* _What you need to do_: In the records below, count every line that includes the word "Sitzer". Provide the total alone.

* _Listed entries_:
════
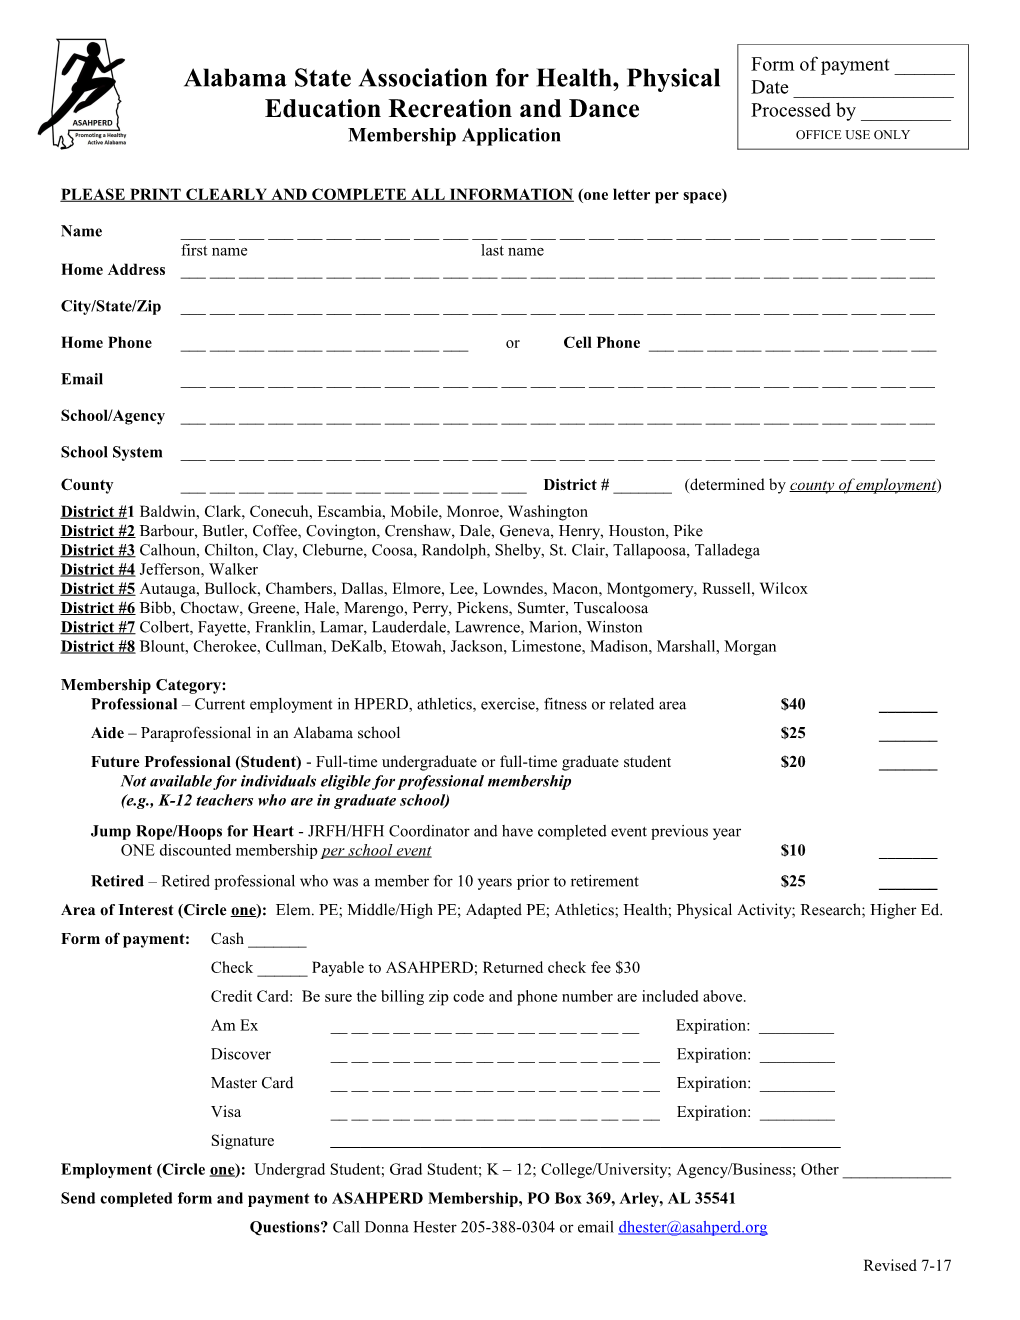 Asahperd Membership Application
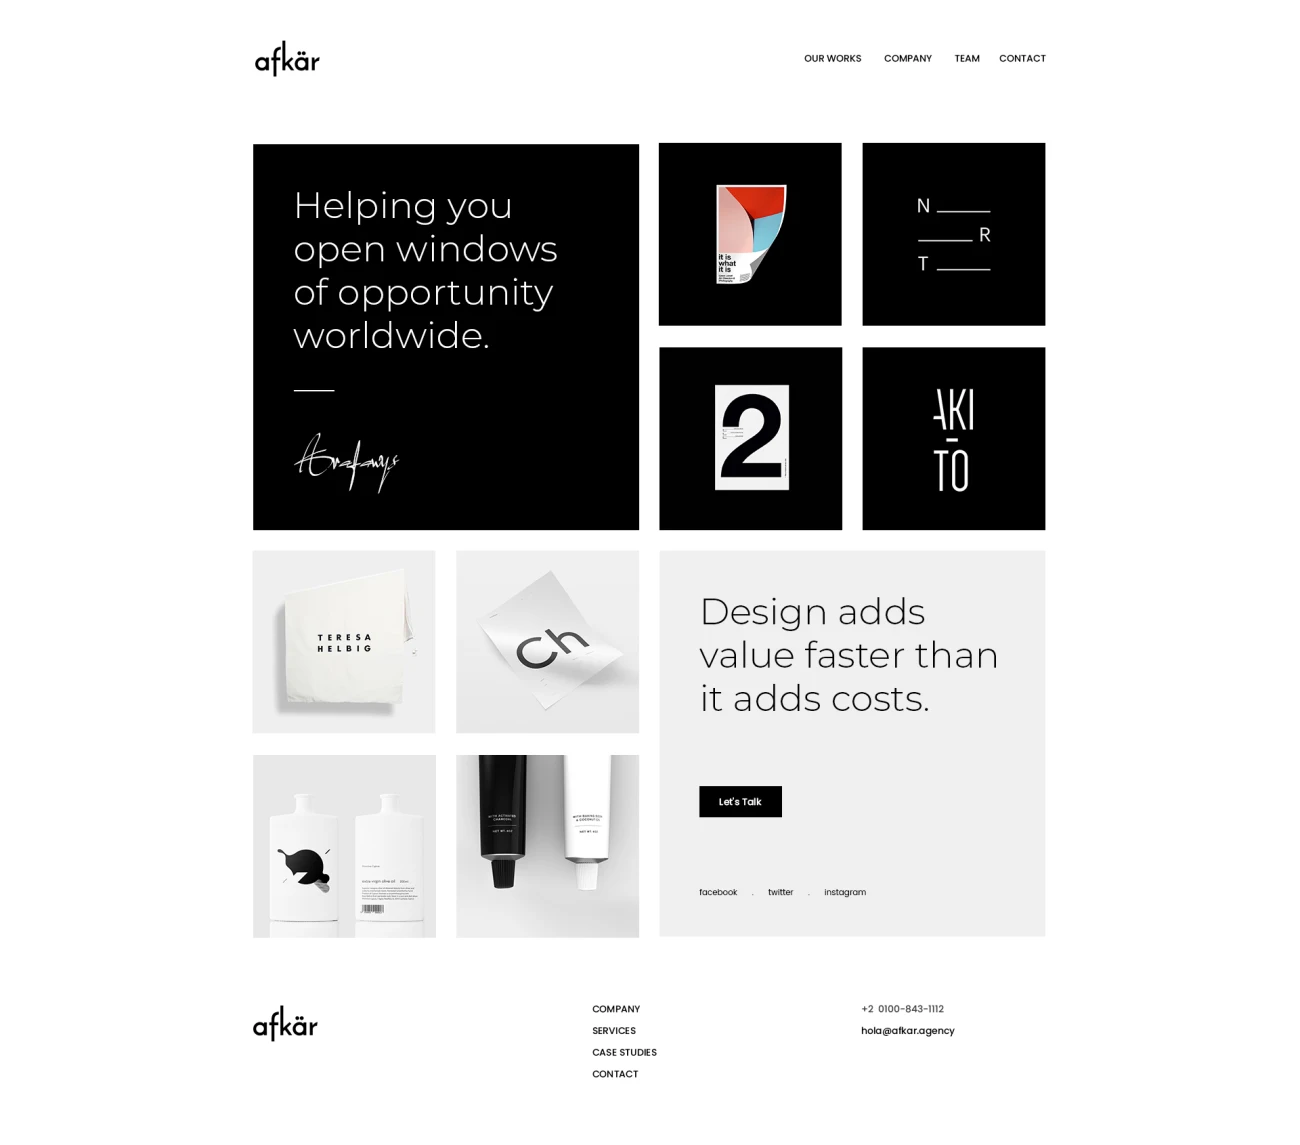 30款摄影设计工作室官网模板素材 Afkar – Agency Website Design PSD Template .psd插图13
════
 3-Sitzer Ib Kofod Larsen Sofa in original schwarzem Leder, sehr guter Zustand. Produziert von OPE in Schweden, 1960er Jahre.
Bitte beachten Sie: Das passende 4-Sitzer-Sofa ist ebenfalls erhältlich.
════
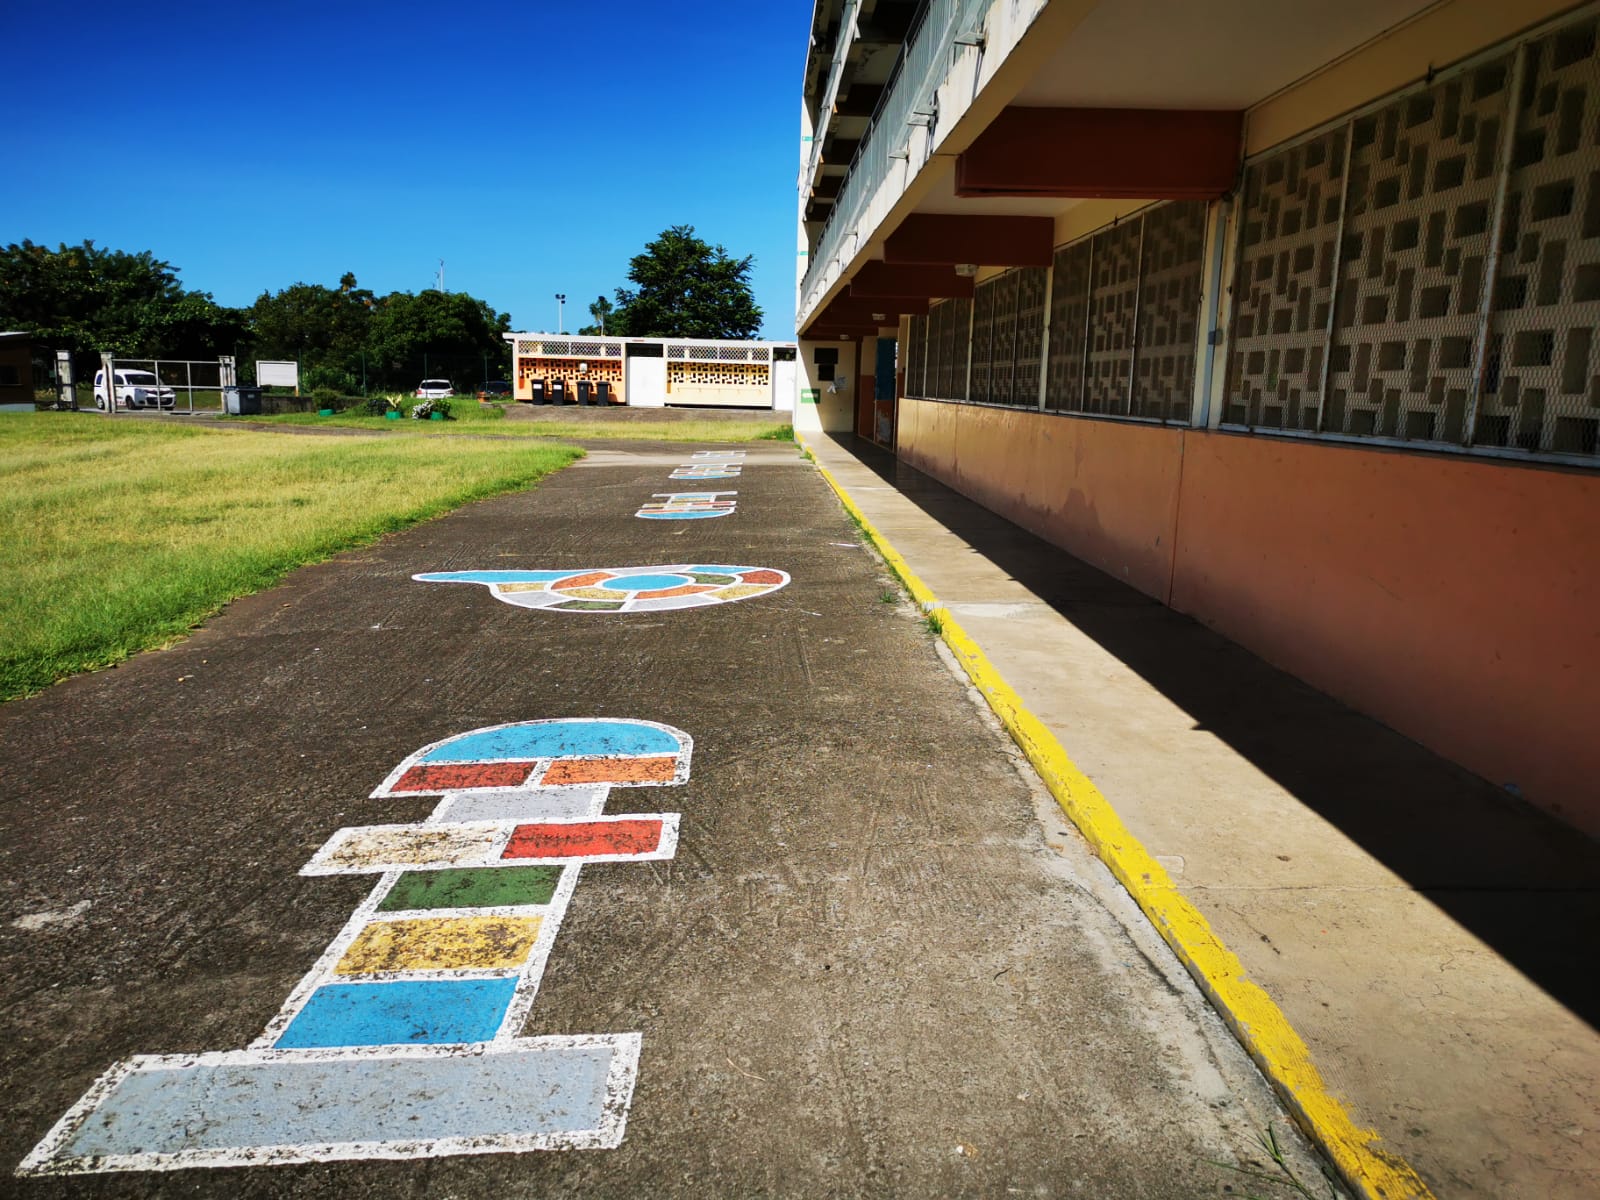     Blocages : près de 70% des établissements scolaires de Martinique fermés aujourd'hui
════
* _Response area_: 2